There was no difference (p = 0.75) concerning the subluxation in the 133 included hands with a mean of 5.3 mm (SD 1.4) compared to all scans (172 hands) with a mean of 5.3 mm (SD 1.5). Also, we found no difference in subluxation comparing the 133 hands without reoperation (mean subluxation 5.3 mm (SD 1.4)) with the 15 hands with reoperation (mean subluxation 5.1 mm (SD 1.6), p = 0.79). The mean subluxation in males was 5.2 mm (SD 1.2) and in females 5.3 mm (SD 1.3) (p = 0.95).
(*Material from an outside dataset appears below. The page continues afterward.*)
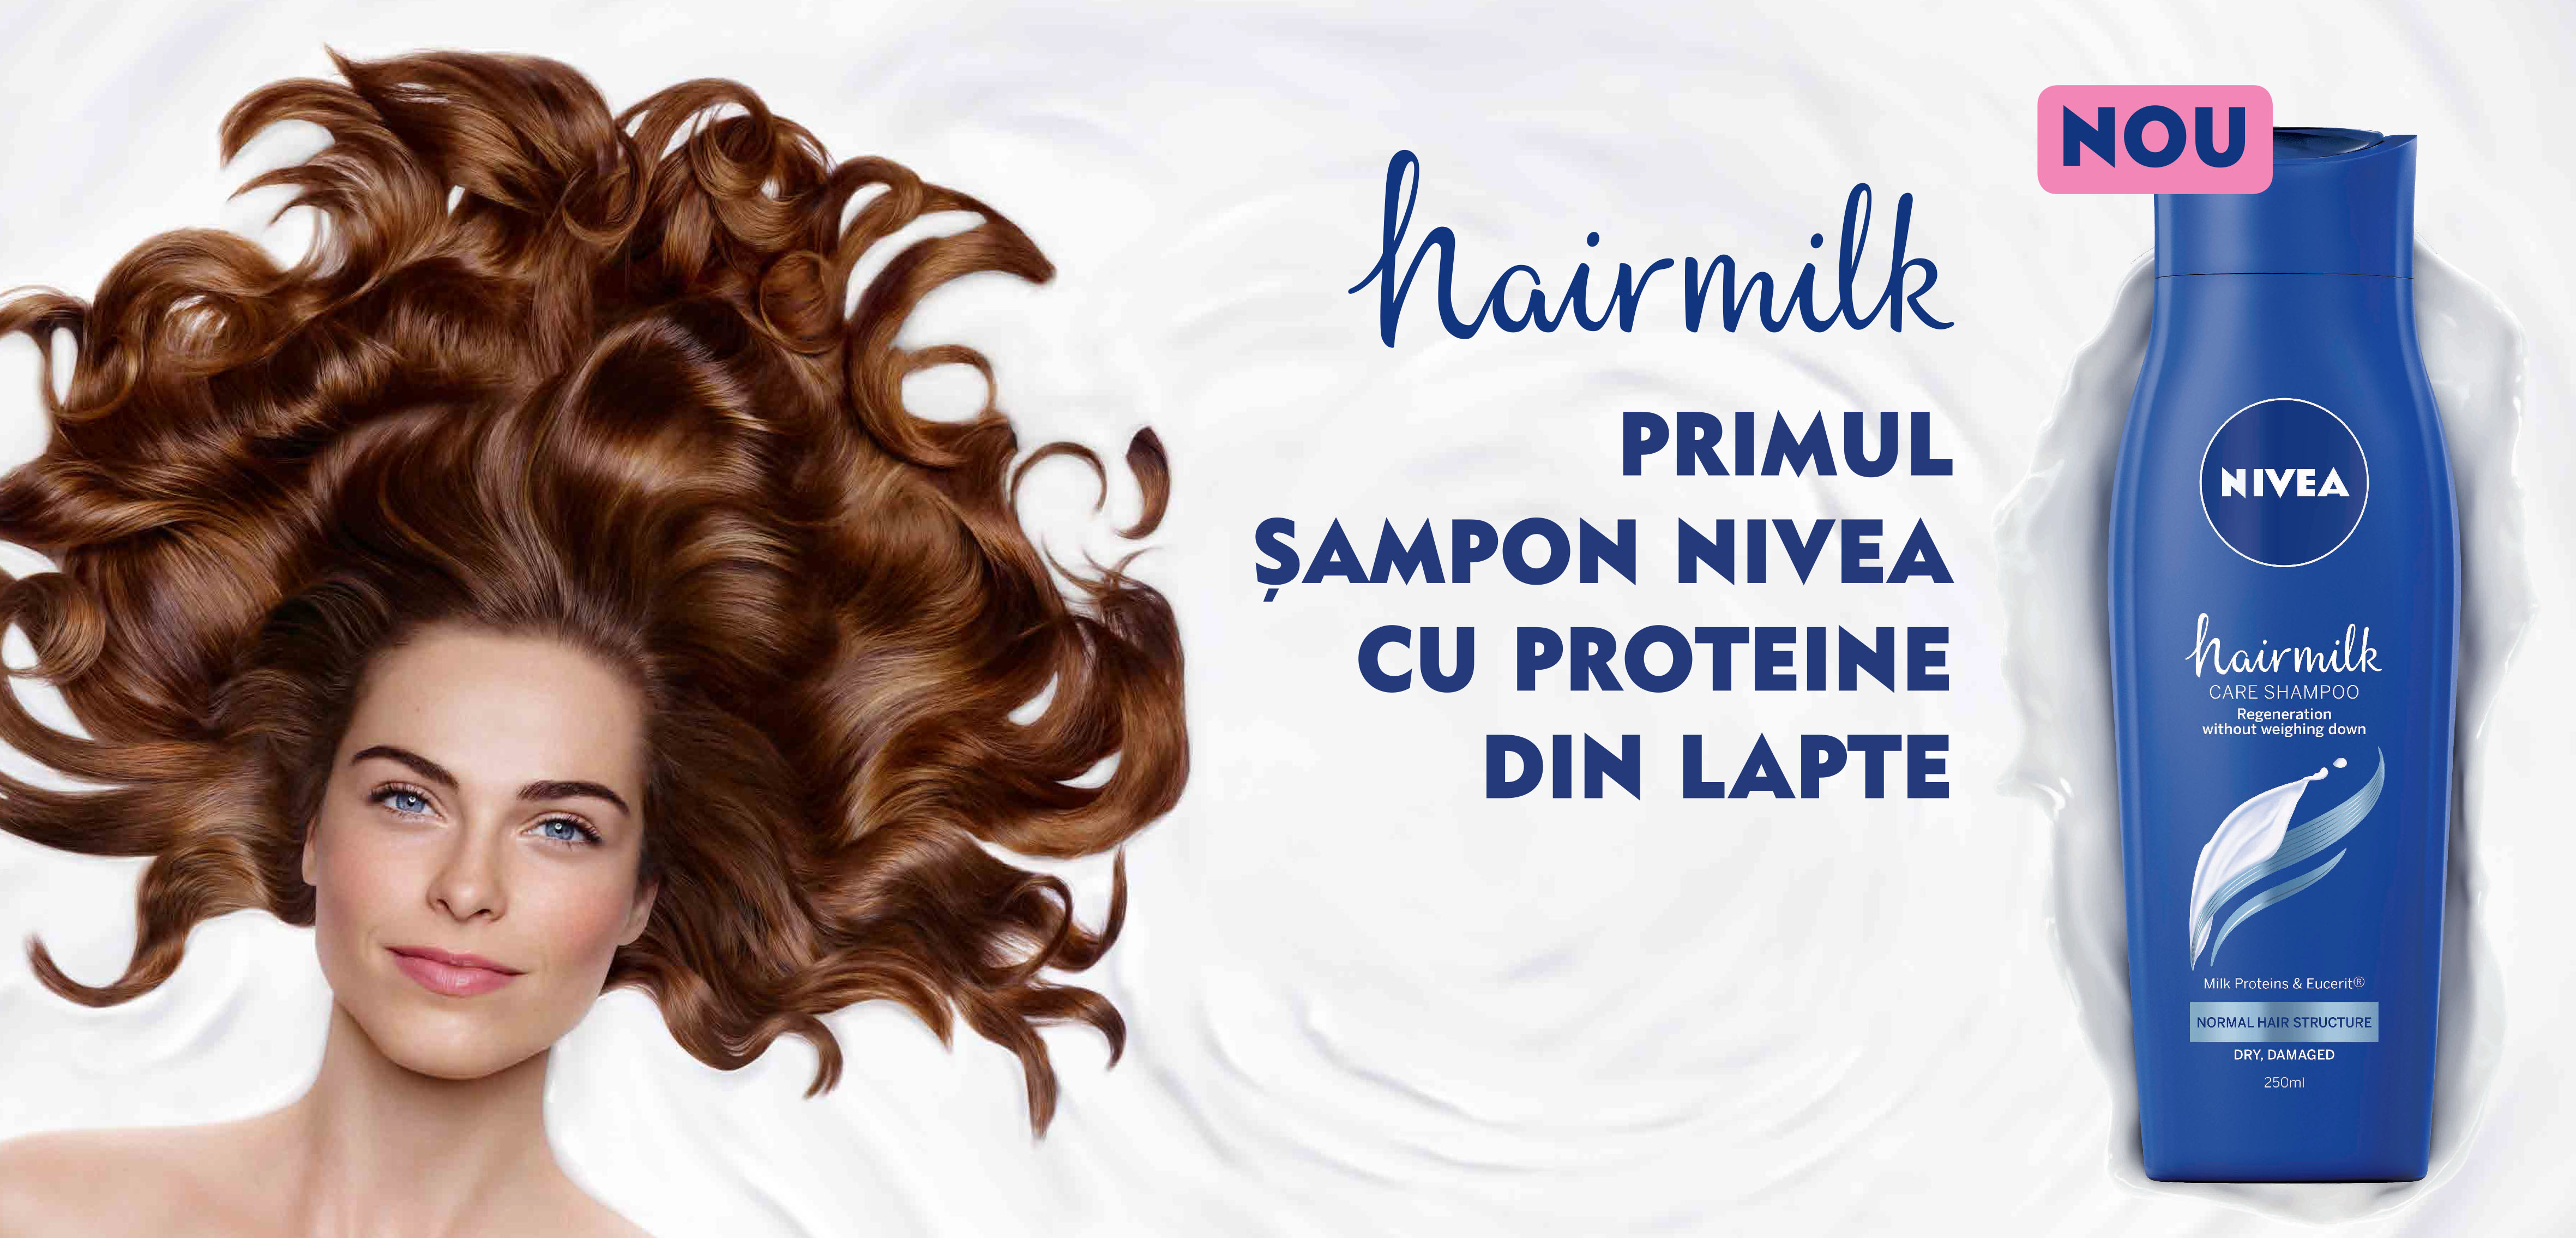 Ritualul de îngrijire al Cleopatrei a fost reinventat pentru părul tău!   Încearcă Hairmilk, primul șampon NIVEA cu proteine din lapte

Grip strength and DAS score improved after the operation, and VAS both at rest and at activity was reduced (Table 1).
Table 1.
Grip strength, pain at rest/activity (VAS (0–10)), and DASH score in 133 hands before and after trapeziometacarpal total joint arthoplasty
| Preoperative | 3 months | 12 months | |
|---|---|---|---|
| Grip strength (mean) | 22.6 kg (SD 13.6) | 22.4 kg (SD 11.3) | 27.8 kg (SD 12.1) |
| VAS at rest (mean) | 3.1 (SD 2.2) | 0.8 (SD 1.6) | 0.6 (SD 1.3) |
| VAS at activity (mean) | 7.8 (SD 1.8) | 2.5 (SD 2.4) | 1.8 (SD 2.4) |
| DASH score (mean) | 39.1 (SD 17.0) | 21.1 (SD 18.0) | 13.6 (SD17.1) |
SD standard deviation, VAS visual analog scale, DASH Disability of the Arm, Shoulder and Hand score
We found no correlation between subluxation and patient age, DASH score, pain VAS score at rest, pain VAS score with activity, or restriction in abduction preoperatively or at 3 and 12 months after total joint arthroplasty (Table 2). The only positive findings were a weak positive correlation between grip strength and subluxation both at the preoperative examination and at 3 and 12 months after the operation. Including only the first operated hand in bilateral cases or only including unilateral cases did not change the results (Table 2).
Table 2.
Pearson’s correlation coefficient in test for correlation between subluxation and the measured variables preoperatively and 3 and 12 months after total joint arthroplasty
| Variable | Hands (n = 133) | Patientsa (n = 114) | Unilateral cases (n = 95) |
|---|---|---|---|
| Age | −0.05 | −0.07 | −0.03 |
| Preoperative | |||
| Grip strength | 0.29 | 0.21 | 0.22 |
| Grip strengthb | 0.07 | 0.07 | 0.08 |
| Restriction abduction | 0.05 | 0.05 | 0.08 |
| VAS at rest | 0.01 | −1.13 | 0.06 |
| VAS at activity | −0.04 | −0.06 | 0.05 |
| DASH | −0.06 | −0.02 | −0.06 |
| 3 months | |||
| Grip strength | 0.22 | 0.24 | 0.21 |
| VAS at rest | −0.13 | −0.13 | −0.07 |
| VAS at activity | 0.10 | −0.013 | −0.14 |
| DASH | 0.00 | −0.05 | −0.14 |
| 12 months | |||
| Grip strength | 0.30 | 0.32 | 0.34 |
| Restriction abduction | −0.05 | 0.07 | 0.06 |
| VAS at rest | −0.03 | −0.08 | −0.09 |
| VAS at activity | 0.10 | 0.07 | 0.03 |
| DASH | −0.03 | −0.09 | −0.19 |
VAS visual analog scale, DASH Disability of the Arm, Shoulder and Hand score
aOnly first operated hand in bilateral cases
bGrip strength of the operated hand divided with the grip strength of the opposite hand
Discussion
The most important finding in this study is that subluxation of the TMC joint only had very little influence on the preoperative symptoms and function in a group of patients with TMC osteoarthritis without fixed MP joint hyperextension contracture and severe degenerative changes in the ST joint. Also, it seems not to influence the result after total joint arthroplasty with a ball and socket joint replacement, where the cup is placed in the anatomical center of the trapezium and a soft tissue release is made to avoid uneven capsular tension due to the preoperative subluxation.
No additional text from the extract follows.